Competing models explain the PKT’s enrichment: one posits concentration of incompatible elements via flotation and fractional crystallization during the lunar magma ocean solidification, a scenario explored in theoretical work at California Institute of Technology and University of Arizona; another attributes anomalies to large-scale impact excavation and pooling within the Oceanus Procellarum basin influenced by basin-forming events such as the Clementine-era reassessments of the South Pole–Aitken basin chronology. Thermal models linking prolonged heat production from radiogenic isotopes like ^238U and ^232Th to enhanced mare volcanism have been developed by teams at University of California, Los Angeles and Brown University. Alternative hypotheses implicate asymmetric tidal heating associated with early orbital evolution studied in publications connected to Jet Propulsion Laboratory and European Space Agency investigators.

Spatial Distribution and Mapping

Mapping integrates geochemical, spectral, and geophysical layers from missions including Lunar Reconnaissance Orbiter, Lunar Prospector, Clementine, Kaguya (SELENE), Chandrayaan-1, and Chang'e 1, and employs datasets produced by institutions like USGS and NASA’s Planetary Data System. The PKT is delineated by thorium concentration contours, mare basalt flow fields, and gravity anomalies from GRAIL that indicate crustal thinning and mare fill. High-resolution imagery from Lunar Reconnaissance Orbiter Camera ties geologic units to sample sites from Apollo 15 and Apollo 17 while spectral endmember mapping using data from Moon Mineralogy Mapper on Chandrayaan-1 constrains mineralogy across massifs and mare plains near features such as Aristarchus Plateau and Mare Moscoviense-adjacent terrains.

Exploration and Sample Analyses

Returned samples from Apollo program missions and Luna landers provide ground truth connecting PKT signatures to petrology, chronology, and isotopic systems, with radiometric ages from argon-argon and uranium-lead methods refined by laboratories at Carnegie Institution for Science and Wiscosin State Laboratory confirming protracted mare volcanism. Recent sample return by Chang'e 5 adds younger basalts that complement older Apollo suites studied by teams at Smithsonian Institution and Lunar and Planetary Institute. In situ measurements by instruments on Surveyor and remote spectrometers aboard Kaguya (SELENE) and Chandrayaan-1 provided compositional constraints used alongside analytical techniques such as secondary ion mass spectrometry (SIMS) and electron microprobe analyses carried out at Max Planck Institute for Solar System Research and California Institute of Technology facilities.

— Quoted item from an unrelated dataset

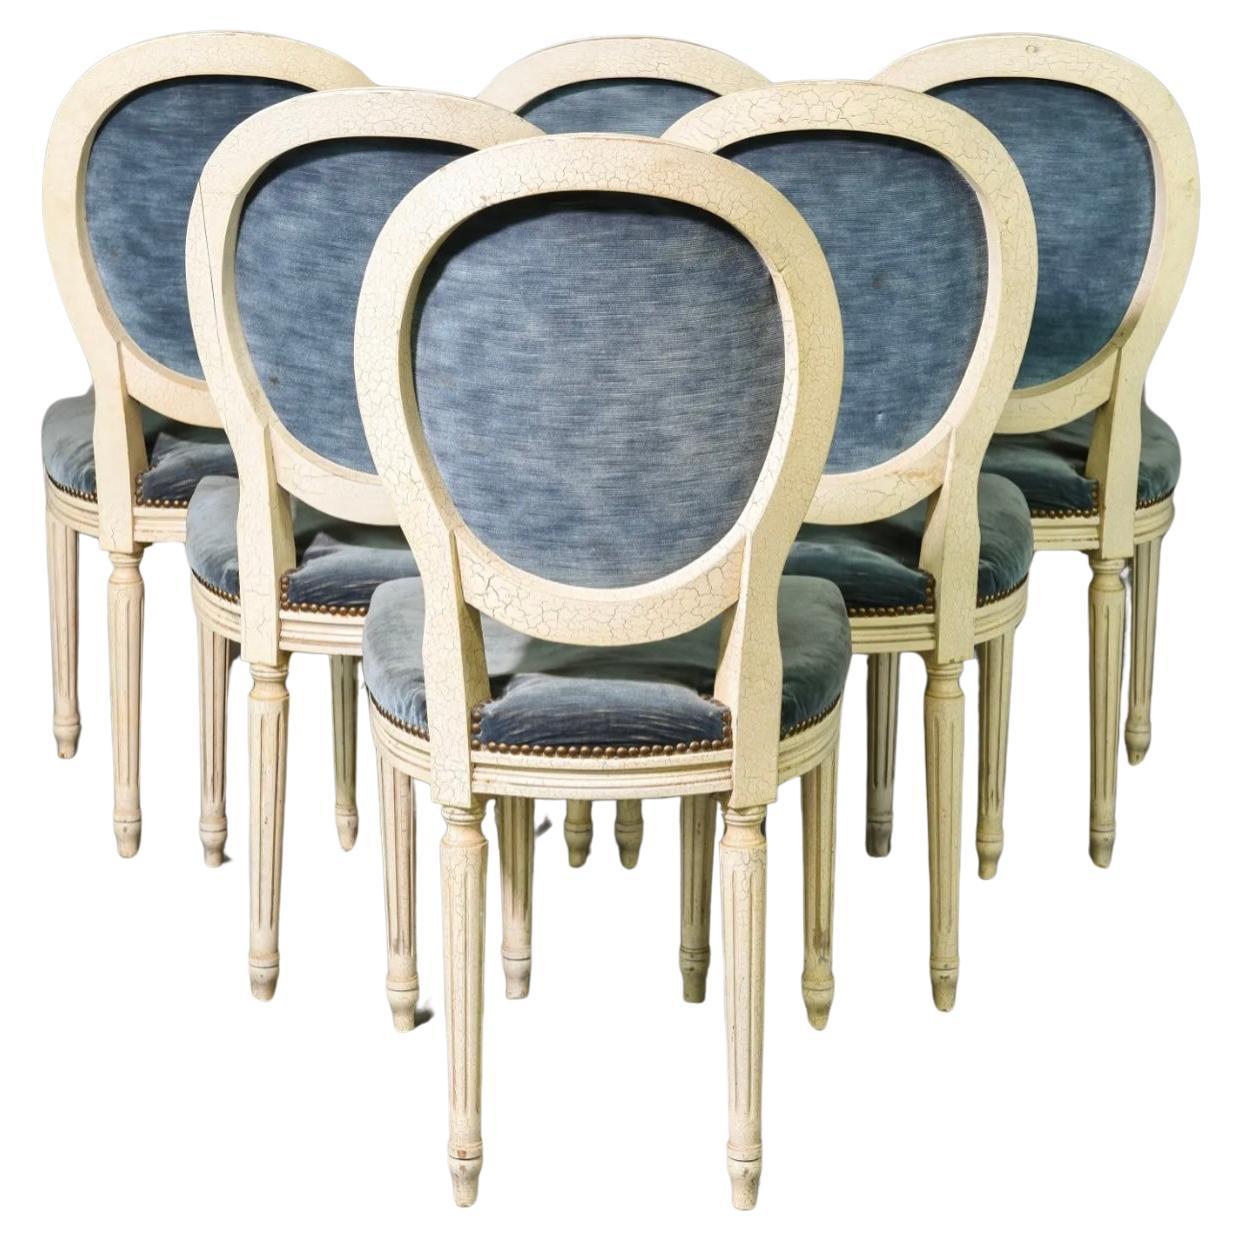 Satz von 6 französischen Stühlen im Louis XVI-Stil mit bemalter Ballonlehne. Jeder Stuhl verfügt über einen handgeformten Rahmen mit einer ovalen Medaillon-Rückenlehne und ist mit einem weichen blauen Stoff gepolstert, der mit Messingnägeln verziert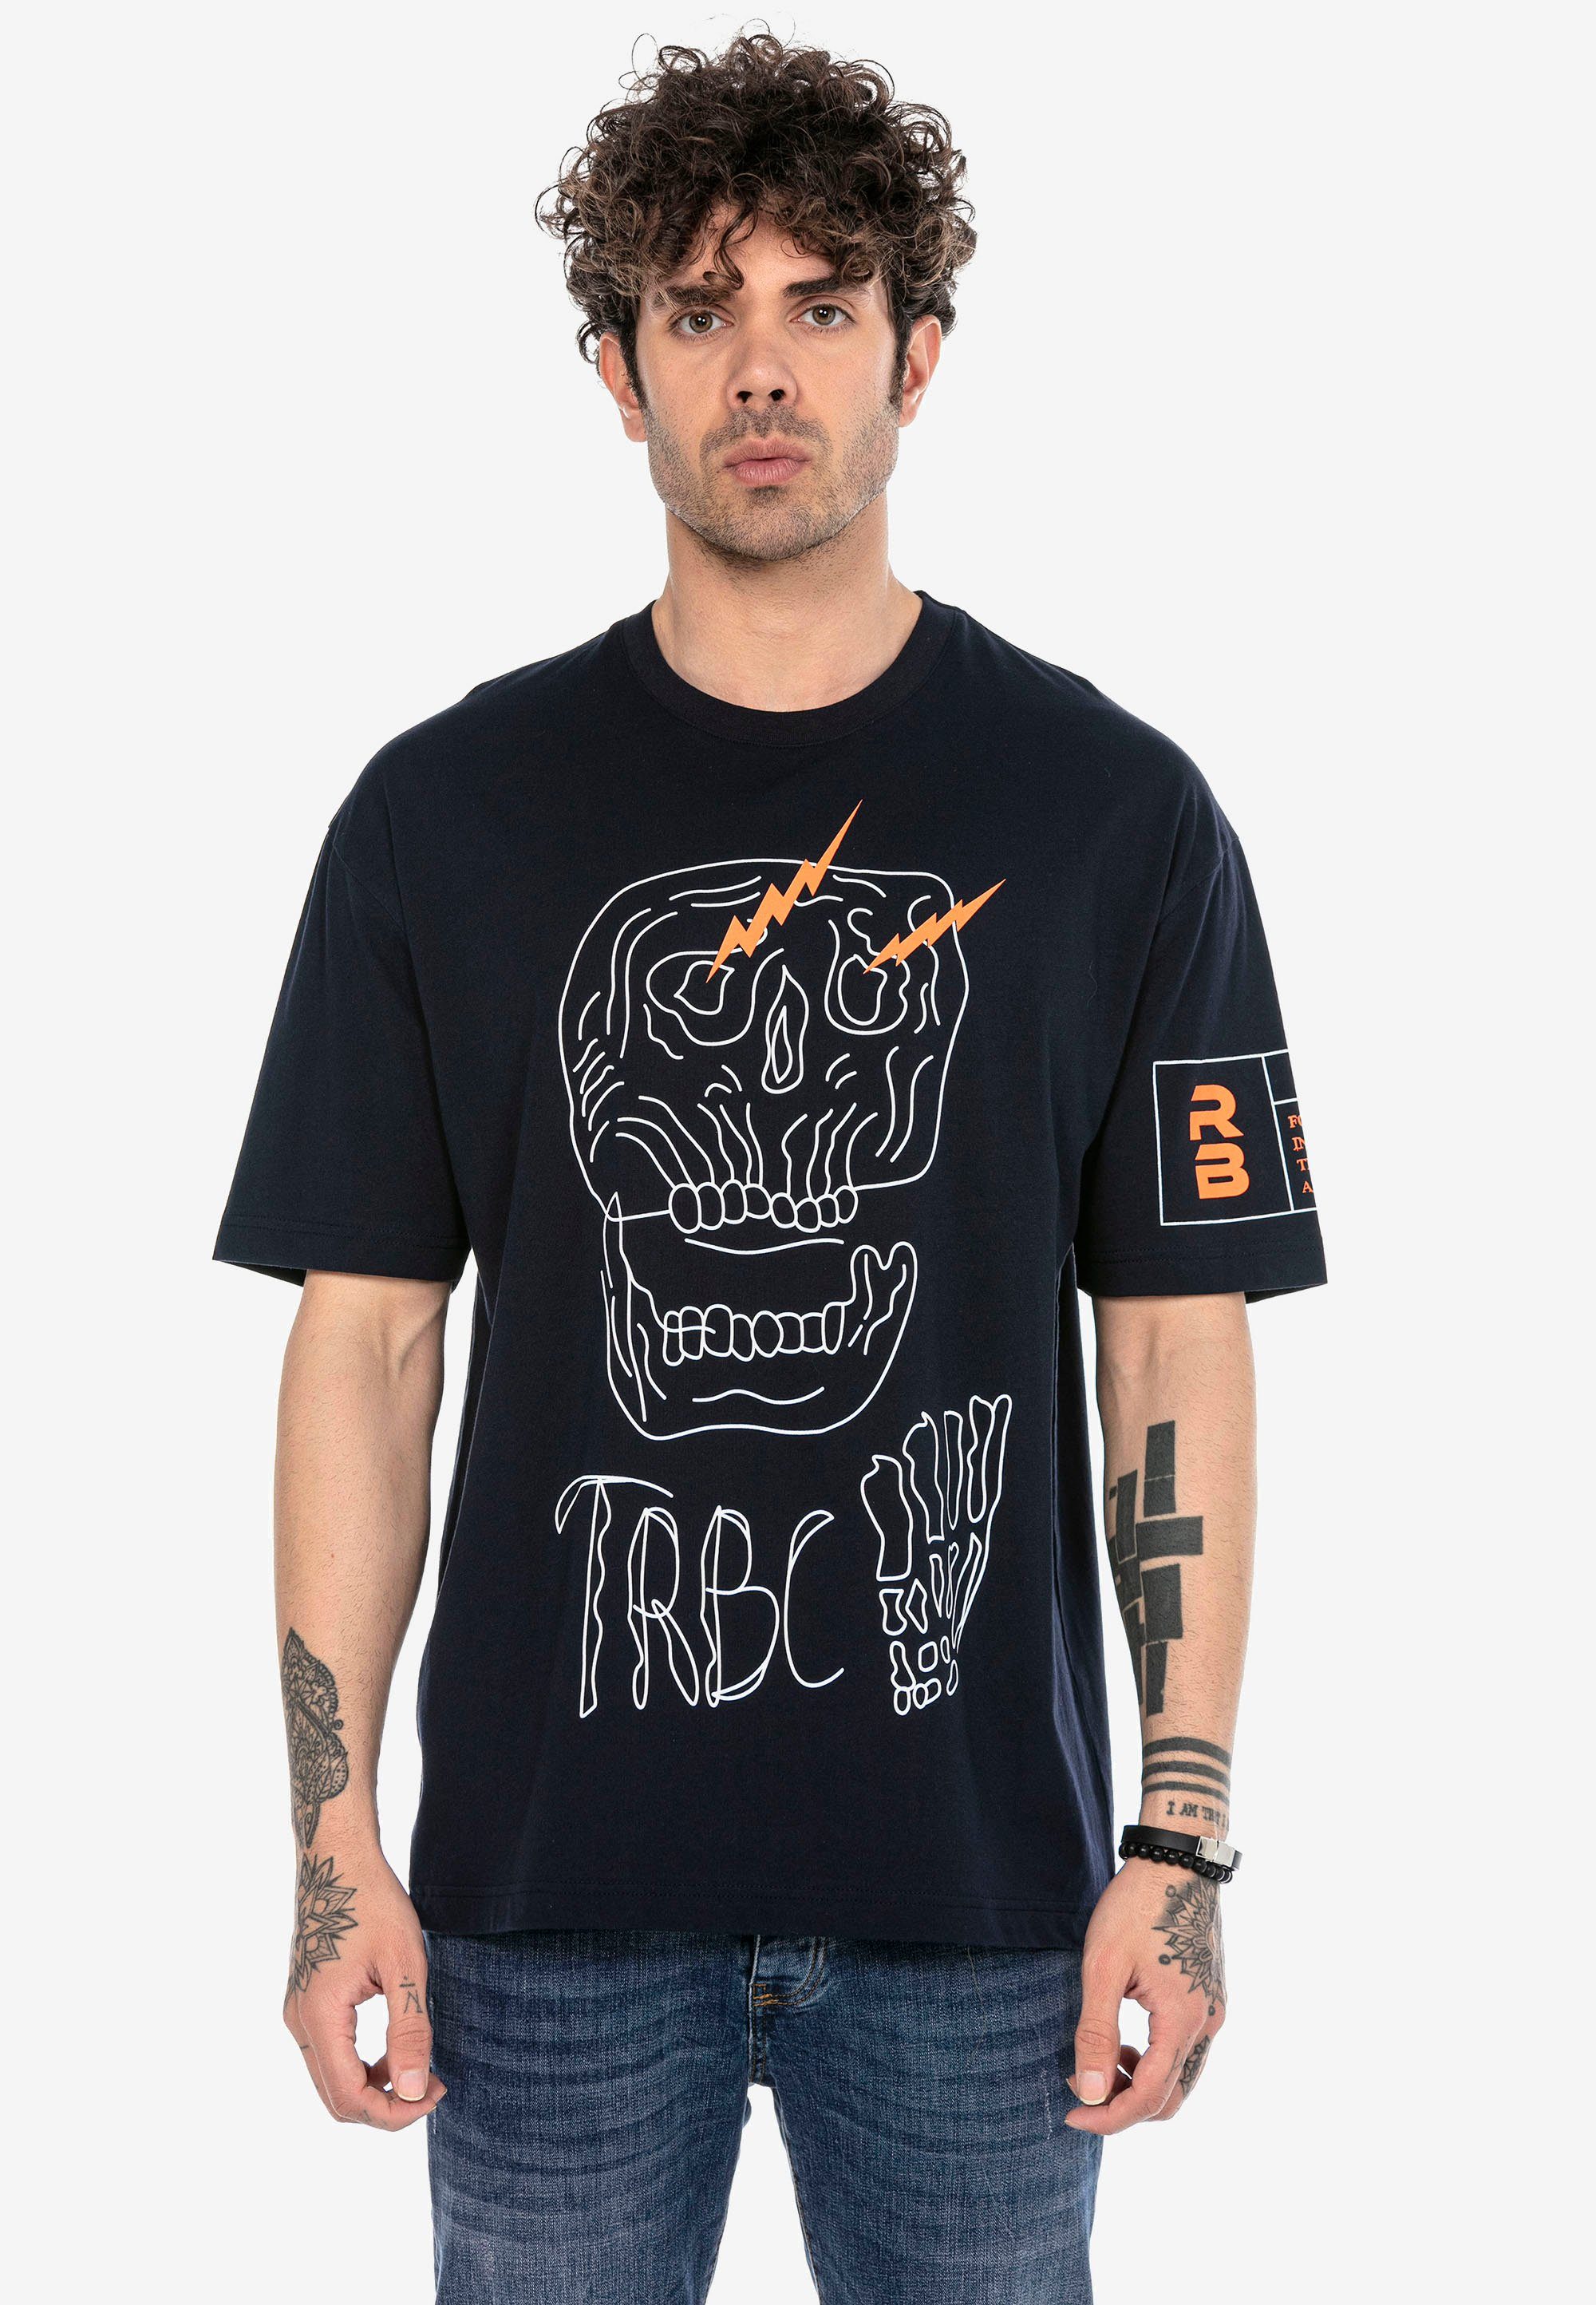 stylischem T-Shirt mit RedBridge dunkelblau Totenkopf-Print McAllen

Scientific Significance and Implications

The PKT is central to understanding the Moon’s thermal evolution, mantle differentiation, and the tempo of mare volcanism, with implications for planetary differentiation paradigms applied to bodies like Mercury and Mars. Its geochemical anomalies inform models of crust-mantle interaction, radiogenic heating, and magma ocean crystallization explored by researchers at NASA Goddard Space Flight Center and Institute of Geochemistry, CAS. Understanding the PKT bears on site selection for future missions by organizations including NASA’s Artemis program, China National Space Administration, and Roscosmos seeking to sample KREEP-rich lithologies and to test hypotheses about volatile inventories and heat-producing element distributions that shaped mare emplacement and crustal evolution across the inner Solar System.